Regular expressions for programming ideas
What is a regular expression?
A Regular Expression is a formula that uses a pattern to match a string. If you want to find in an article the first word is “luo” and the last word is “Hao” of the name of the three words, namely “Luo * Hao”; So “Luo * Hao” is the formula, also known as Pattern, and this article is the string (or text) to be matched. For example, if you want to check whether a string entered is in the 126 mailbox format, you have to make a rule to check. This rule is a regular expression.
Start at the beginning
Let’s start with the example mentioned above: checking if a string matches the 126 mailbox format.

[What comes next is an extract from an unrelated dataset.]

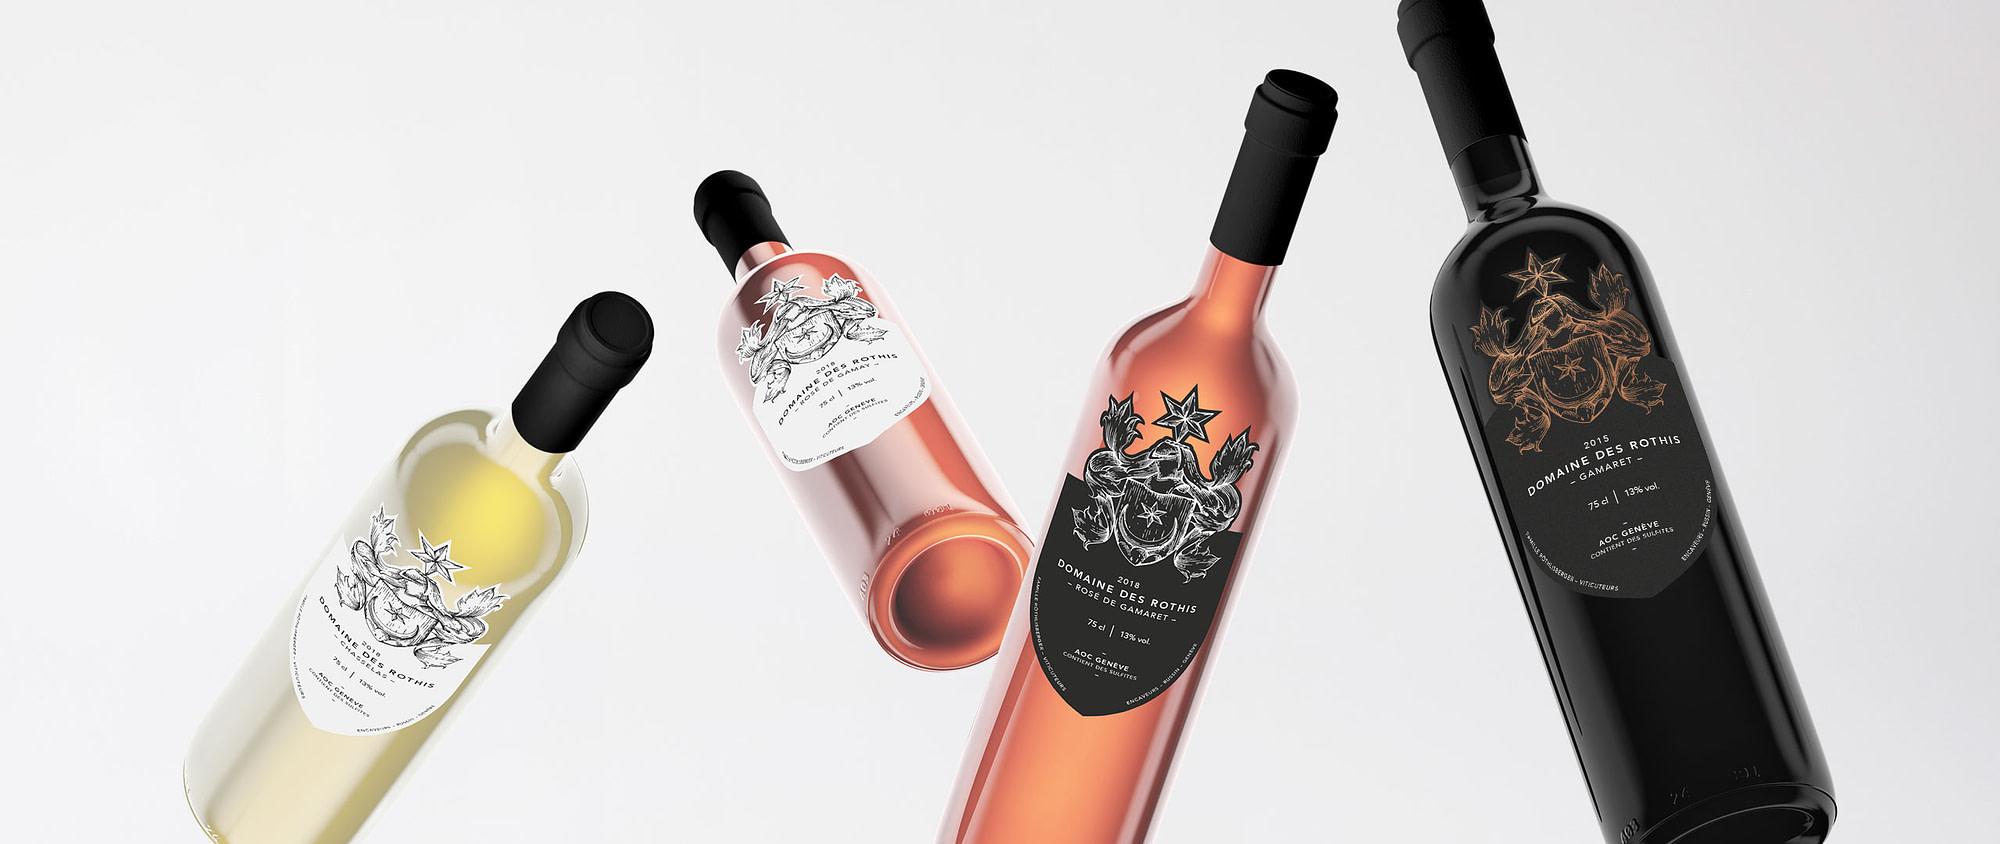 Photographie de quatre bouteilles de vin de la gamme des Domaines des Rothis.

From the mailbox registration page of netease, you can see that the user name of mailbox 126 must meet the following formats: 6 to 18 characters, including letters, digits, and underscores (_), and must start with a letter. We can define a pattern: ^[a-za-z]\w{5,17}@126.com
The pattern can be understood as follows:
[a-za-z] : any letter from A to Z or a to Z
^ : what does ^[a-za-z] start with
\ W: Word character [A-za-z_0-9], that is, any of a-z or A-z or 0-9 or _
{5,17} : indicates the occurrence of 5 to 17 times (at least 5 times, but not more than 17 times), \w{5,17} indicates 5 to 17 characters.
^[a-za-z]\w{5,17} contains 6 to 18 letters, digits, and underscores (_), and must start with a letter.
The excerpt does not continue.